The data
================

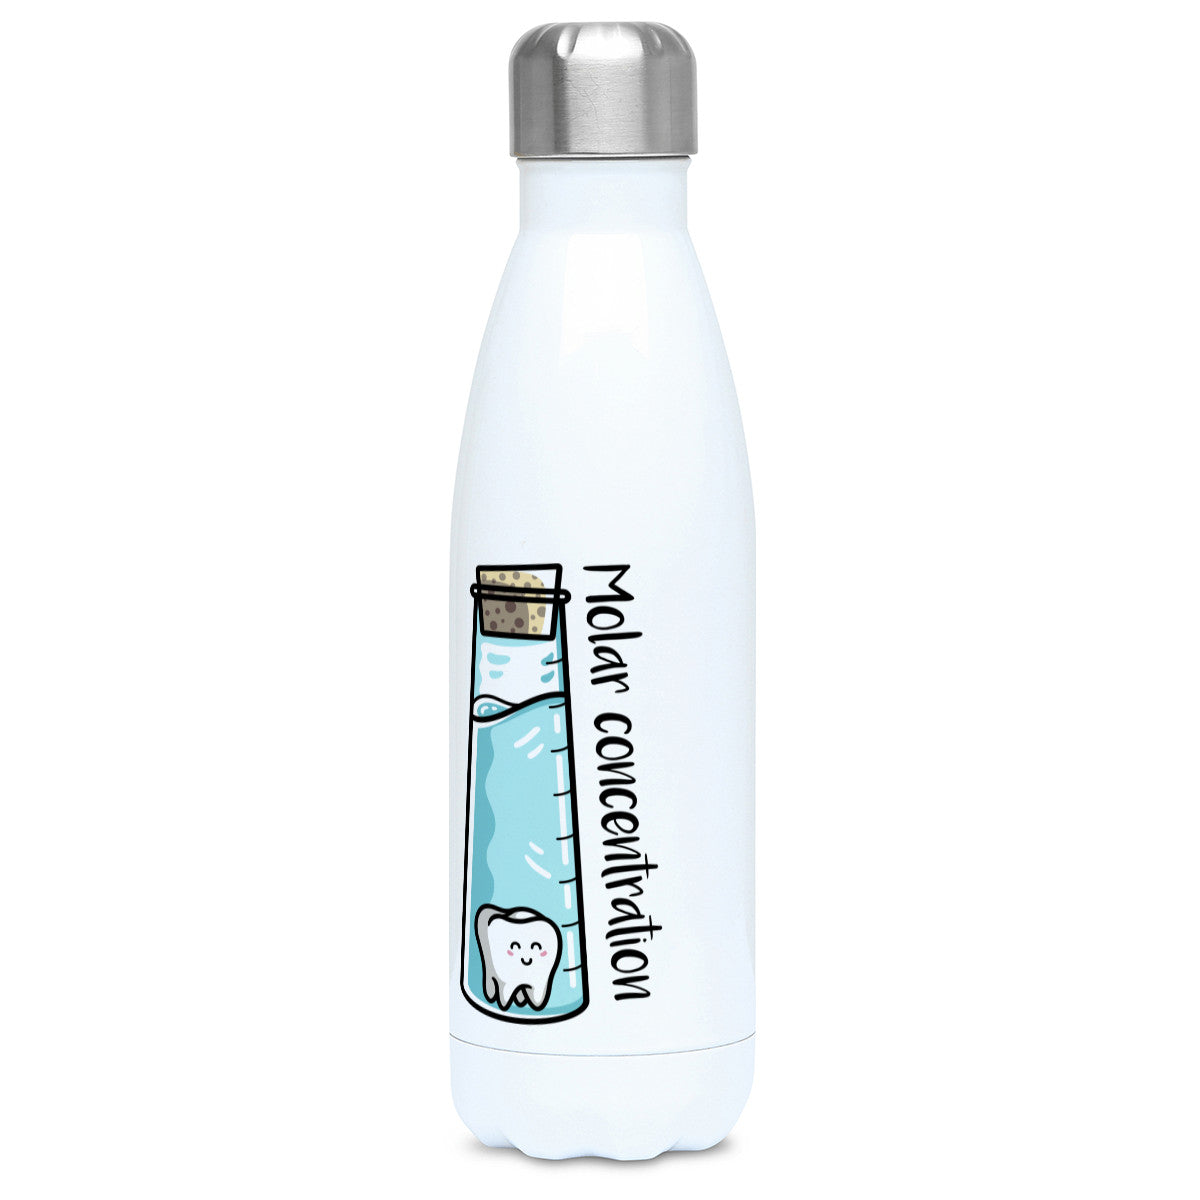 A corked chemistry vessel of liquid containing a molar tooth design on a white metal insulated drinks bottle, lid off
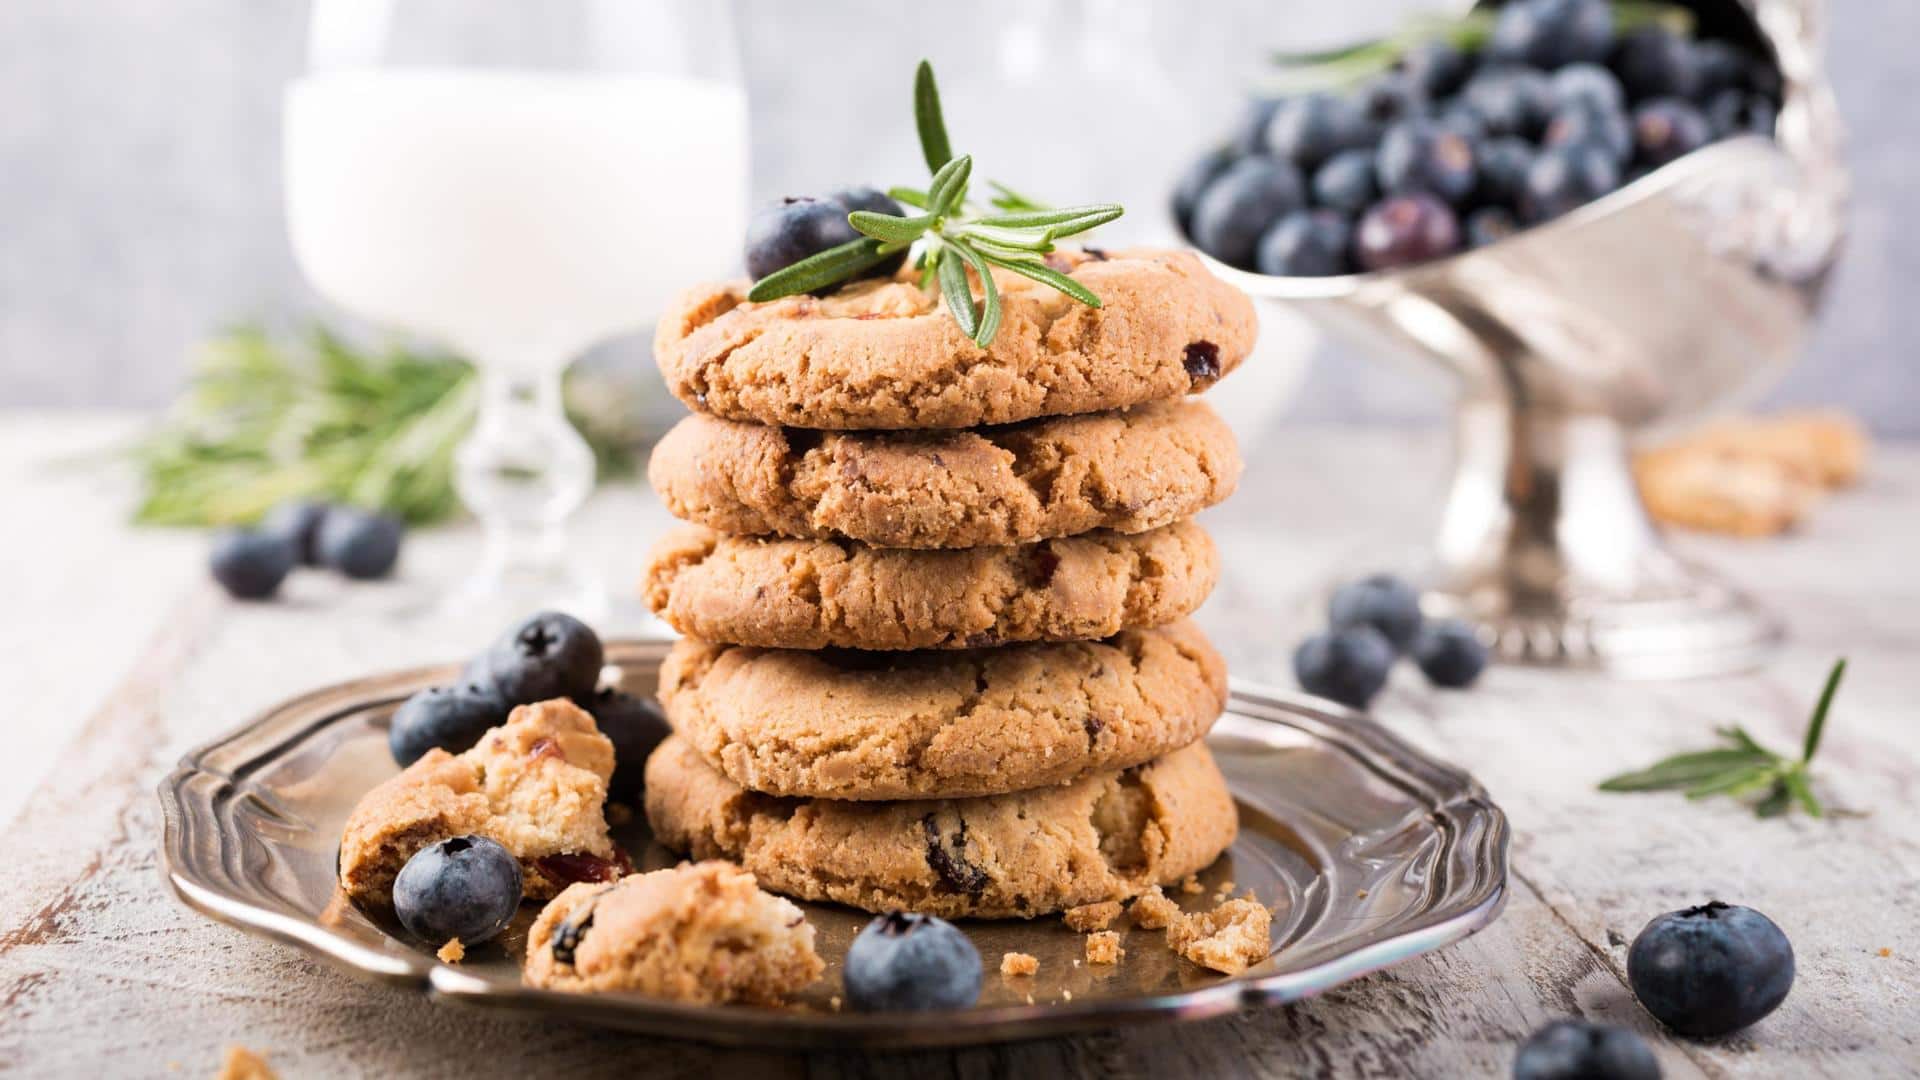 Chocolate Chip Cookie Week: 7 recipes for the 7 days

================

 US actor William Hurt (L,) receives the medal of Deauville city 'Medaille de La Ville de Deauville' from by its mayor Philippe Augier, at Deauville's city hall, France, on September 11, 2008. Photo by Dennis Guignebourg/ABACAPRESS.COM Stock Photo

================

Your objective
Because only one stretch of the records is wanted, please output the lines from the one holding "A corked chemistry" through the one holding "Chocolate Chip Cookie" exactly, both included, and leave every picture out.

Output of the exercise
 A corked chemistry vessel of liquid containing a molar tooth design on a white metal insulated drinks bottle, lid off
 Chocolate Chip Cookie Week: 7 recipes for the 7 days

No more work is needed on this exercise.